Traceability#

Configuration#

An Autosubmit experiment starts with its creation using a version of Autosubmit to issue the command autosubmit expid. The generated experiments contain minimal YAML configuration to bootstrap the experiment.

For an Autosubmit experiment of type Git, the rest of the experiment configuration is located at a location like <EXPID>/proj/git_project/ (the proj part is constant, but the git_project is configurable) and imported by Autosubmit. The <EXPID>/proj/git_project/ subdirectory contains a clone of a Git repository (i.e. there is a proj/git_project/.git).

Note

Autosubmit combines multiple YAML files and generates a merged YAML file at <EXPID>/conf/metadata/experiment_data.yml. This file can be used to analyse the final configuration used for the run and compare with the information from trace files.

The cloned repository may contain YAML configuration files in a location such as <EXPID>/proj/git_project/conf, for example, with settings for models and applications, Autosubmit jobs, as well as the template scripts (e.g. under <EXPID>/proj/git_project/templates, or anywhere the user may choose).

These configuration files, template scripts, and the Git information from <EXPID>/proj/git_project/ (and any Git submodules), are one part of the traces used for provenance and reproducibility of the Autosubmit experiments.
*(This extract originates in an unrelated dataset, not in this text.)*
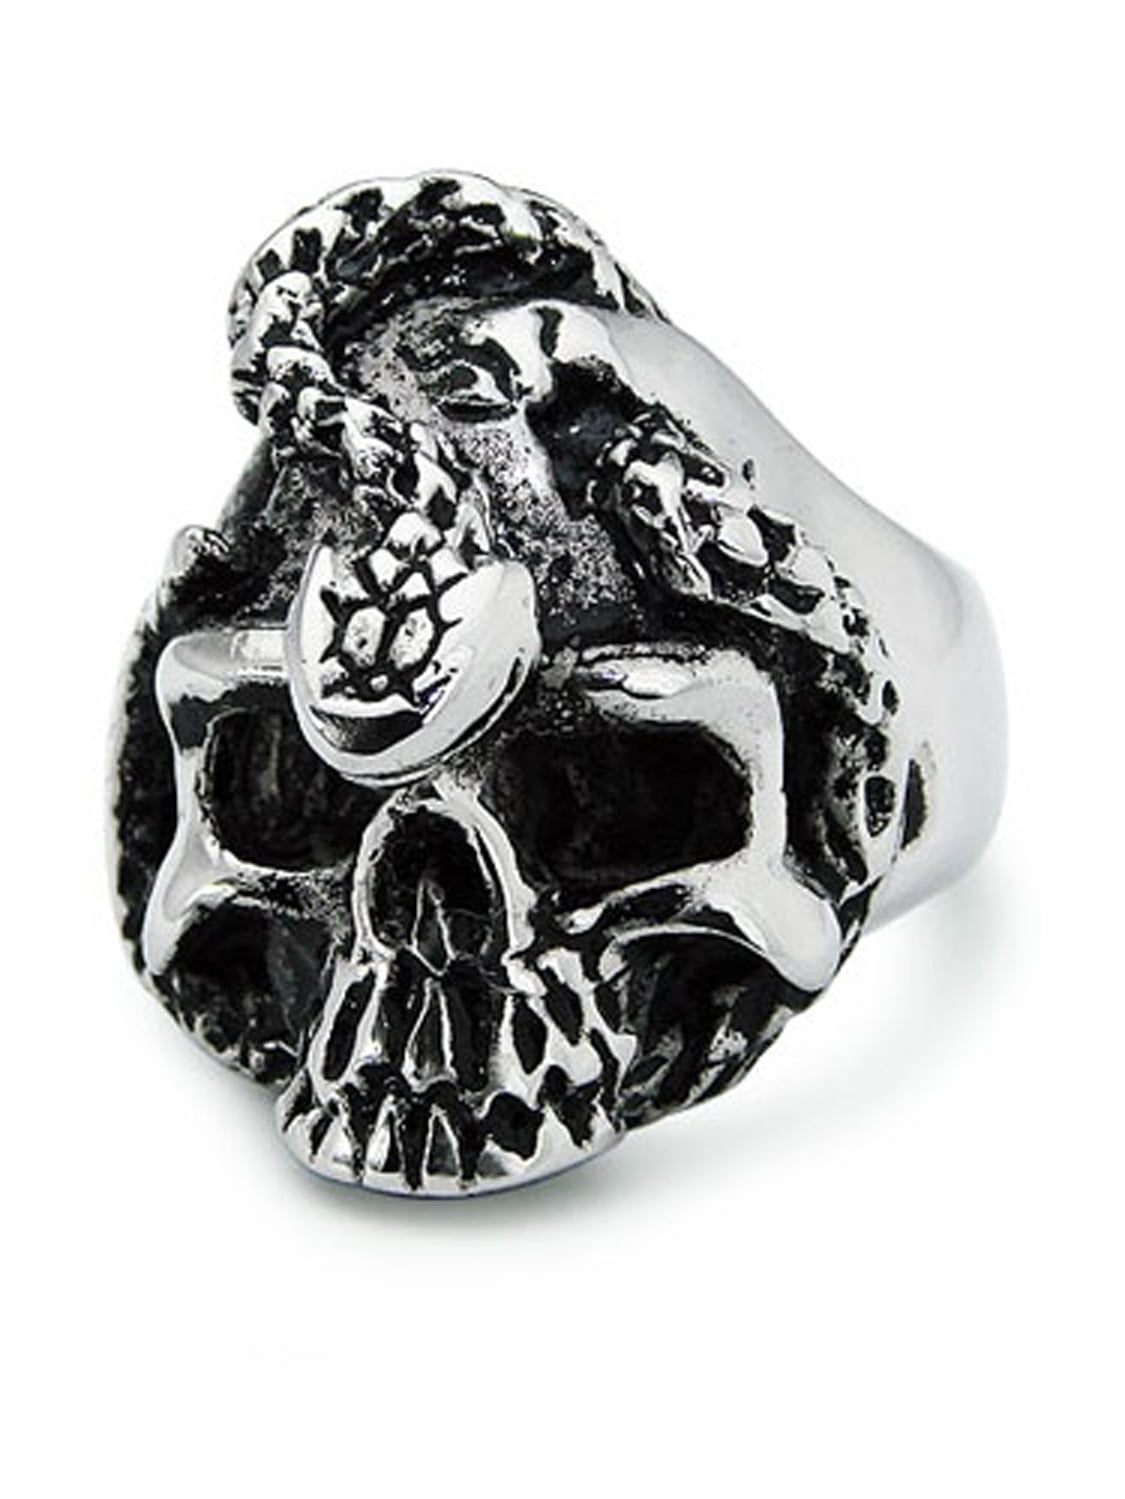 Stainless Steel Skull Snake Biker Style Ring

The rest of the traces and the data produced by running the experiment workflow jobs are explained in the following sections.

Logs#

Most of the Autosubmit commands that take an expid argument (autosubmit create, autosubmit setstatus, autosubmit run, etc.) write to log files persisted in the computer where the command is issued, along with the rest of the workflow configuration and other traces. The only exception being autosubmit delete <EXPID>, which will write to the global log path, as it deletes the experiment folder, along with its ASLOGS folder.

By default, these command logs are saved under <EXPID>/tmp/ASLOGS, contain in their names the timestamp of the command, and always come in pairs of “.log” and “_err.log” files (one for the command standard output, and one for the error output).

If the user issuing the command is not the owner of the experiment, then Autosubmit will try to write the log file in the ASLOGS folder first, and should that fail, it will try to write to the tmp folder or to the global log path, depending on the file system permissions for the user.

Note

Autosubmit keeps 10 logs of each command, i.e. up to 10 logs of autosubmit create, 10 logs of autosubmit run, etc., and then removes older log files when new ones are created.

For Autosubmit commands that do not contain an expid argument (e.g. autosubmit expid, autosubmit testcase, autosubmit readme, etc.) will write to the global log path, which can be configured in the .autosubmitrc configuration file.

Note

There are commands that do not produce any log, e.g. autosubmit delete.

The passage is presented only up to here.